Грех — вот самый главный враг преображения. Отсюда у носителя идеала преображения особое религиозное ощущение греха. Религиозное ощущение греха есть душевная мука и страдание. Это та мука душевной раздвоенности, которую так ярко описал апостол Павел в послании к римлянам. В восприятии и переживании греха и сказывается особенно ярко духовное превосходство русского пред европейцем. Европеец, можно сказать, утерял религиозное ощущение греха; оно кажется ему устарелым средневековым предрассудком. Вот почему грех перестал быть для него ужасом и мукой душевной. Грех обратился для европейца в веселый анекдот. Описывая грех, европеец смеется, а иногда сам грех облекает в столь эстетически прекрасные одежды, что грех начинает быть привлекательным. Конечно, грешат и в России, как и в Европе, не мало, но каются по-разному. Запад знает «холодное неверие». Русский, по словам Герцена, потеряв веру, тотчас уверует в неверие и станет его самоотверженным апостолом. В Европе Ренан, Штраус и Древе пишут хулы на Христа легко, свободно и красиво и как ни в чем не бывало доживают свой век спокойными буржуа. Там во время публичных диспутов на эстраде решают вопрос об историческом существовании Христа, а сами в это время кушают бутерброды и пьют пиво. Европейский Иуда, предав — Христа, спокойно прячет сребреники в карман и обращает их потом в доходную ренту. Русский же Иуда, предав Христа, бросает сребреники и беспокойным взором ищет дерева, чтобы удавиться. Неверие для русского есть ужас и душевный надрыв. У Достоевского даже каторжники кричат Раскольникову: «Ты безбожник! Ты в Бога не веруешь! Убить тебя надо». При этом «один каторжный бросился было на него в решительном исступлении».
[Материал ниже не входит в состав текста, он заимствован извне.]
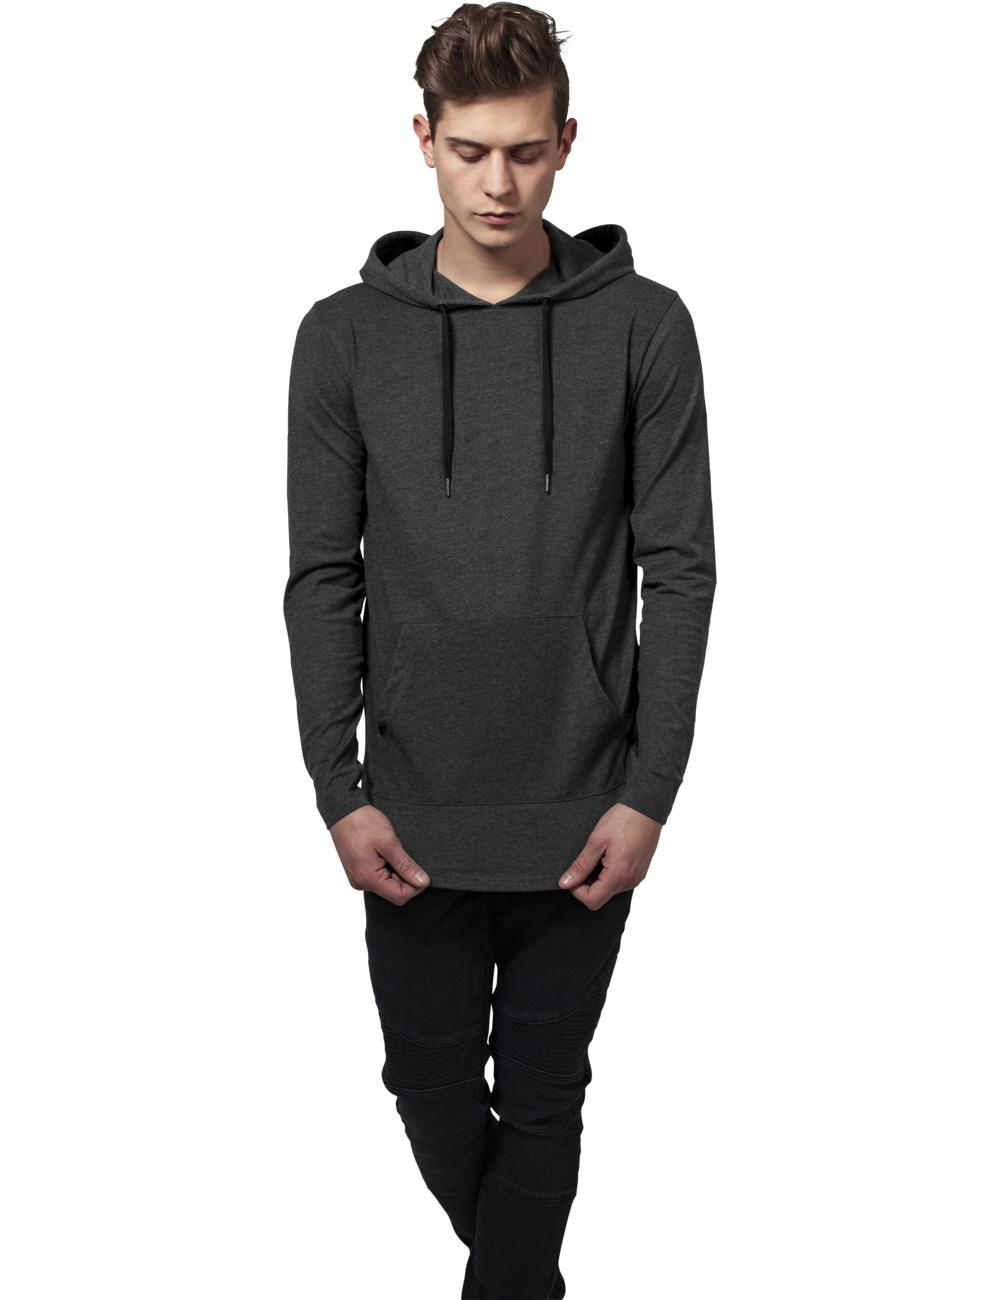 Urban Classics Herren Kapuzensweater Jersey Hoody XL, Charcoal (091)

А как наши писатели изображают порок и преступление! Я затрудняюсь назвать из русских писателей кого-нибудь, кто изображал бы порок в привлекательном свете. Порочные люди в изображении наших писателей до самых новейших, до Куприна и Арцыбашева включительно, — люди несчастные, страдающие; они ощущают настоящий ад в своей душе. Греховное человечество в изображении наших писателей люте страждет и зле беснуется, ввергается многажды в огонь и в воду. Для наших писателей грех есть «тьма», «бездна», «яма», и «у последней черты», по их представлению, — страдание, ужас и отчаяние. Для русской души нет счастья и радости во грехе; она страдает от греха, потому что стремится к преображению, а грех мешает не прогрессу, но преображению. Веселые песни земли, восторженные гимны прогрессу не могут заменить для русской души прекрасных звуков небес; знает и понимает она, что небесная песня не слагается из грохота машин и треска орудий и что ноты этой песни не в чертежах и сметах инженеров.
Итак, если идеал Запада — прогресс, то русский народный идеал — преображение. Русский народ стремится к городу, которого строитель и художник — Бог (Евр. 11, 10), и может сказать с Апостолом: вышний Иерусалим свободен, он — матерь всем нам (Гал. 4, 26).
Развертывающаяся пред нами великая борьба народов есть борьба двух идеалов: прогресс хочет уничтожить преображение, забывая слово Христа о том, что врата ада не одолеют истины.
В истории Московской Духовной Академии мы стоим на грани двух столетий, и нам весьма полезно, хотя бы под давлением грандиозных событий, напомнить себе религиозный идеал православия и жизненный идеал русского народа. Нам нет особенной нужды подсчитывать, что сделала наша родная духовная школа для материального прогресса. Лучше подумать о том, что она сделала для духовного преображения нашего родного православного народа. А вступая во второе столетие родной и дорогой Академии, будем каждый иметь в качестве руководящего светоча наш русский идеал преображения, чтобы, когда придет время трудиться на ниве народной, не подавать жесткого европейского камня тому, кто просит настоящего русского хлеба.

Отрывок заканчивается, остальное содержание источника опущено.